Friday, August 10, 2012

Ernestine Rose


Some people are influenced at a young age to take on specific beliefs. Some -- such as in-your-face woman Ernestine Rose -- are not so easily influenced. Growing up in a wealthy home in Russia-Poland in the early 1800's and counseled by her rigorously religious rabbi father to accept their traditional Jewish faith like the good little girl she was supposed to be, Rose not only rejected Judaism by the time she was an adolescent, but the very idea of God altogether. Further, she had simultaneously rejected the idea that women are inferior to men and ought to be subservient to them. This is the kind of thing that makes some folks ask where in the world do in-your-face women come up with this stuff?
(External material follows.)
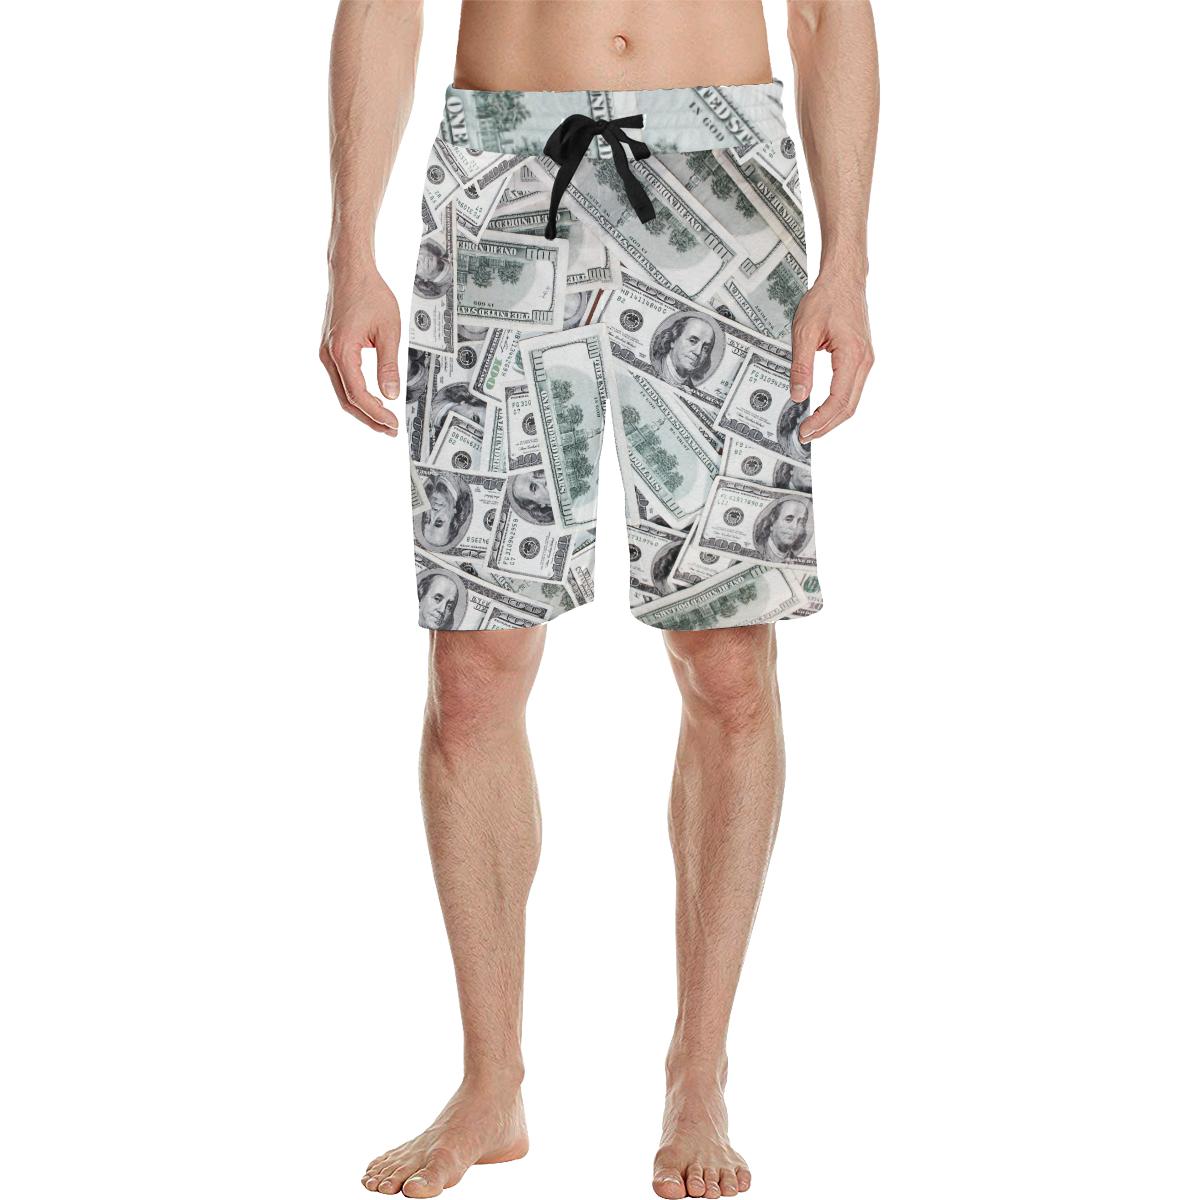 002726560c Cash Money / Hundred Dollar Bills Men's All Over Print Casual Shorts by  #Gravityx9 at #Artsadd * mens swimshorts * swimming trunks * swimming  shorts ...

Rose was only sixteen when her mother died, but she didn't sit around waiting for her father to marry her off to a man of his choice. She set out on her own, traveling all over Europe, selling room deodorizers to support herself. It's hard to keep an in-your-face woman indefinitely under the radar, though, and, over time, Rose became a sought-after speaker on secularism and human rights and ultimately even helped to found the Association of All Classes of All Nations, an organization that pushed for human rights for all people, no matter what their gender, race, class or nationality was.

Eventually marrying and emigrating to New York City, Rose was soon on the lecture trail again, speaking against slavery and for religious tolerance and women's rights everywhere. "It is an interesting and demonstrable fact, that all children are atheists," Rose was known for saying, "and were religion not inculcated into their minds, they would remain so." Needless to say, controversy followed. One newspaper editor, in an attempt to discourage listeners, called her "a female Atheist...a thousand times below a prostitute."

Still, Rose continued to speak and people continued to listen. Sometimes, she would whip up such a lather among local folks with her writing before she even showed up that everyone in town would come out to hear her. Of course, sometimes she had to run for her life.

For more than three decades, as is often the case with in-your-face women, Rose worked so hard, even as her age advanced, that she had to return to Europe and start over to slow down her level of activity. But when she left for England, her many supporters, a number of whom were in-your-face women themselves, gave her a big send-off with lots of gifts and plenty of money. Not everybody hates in-your-face women.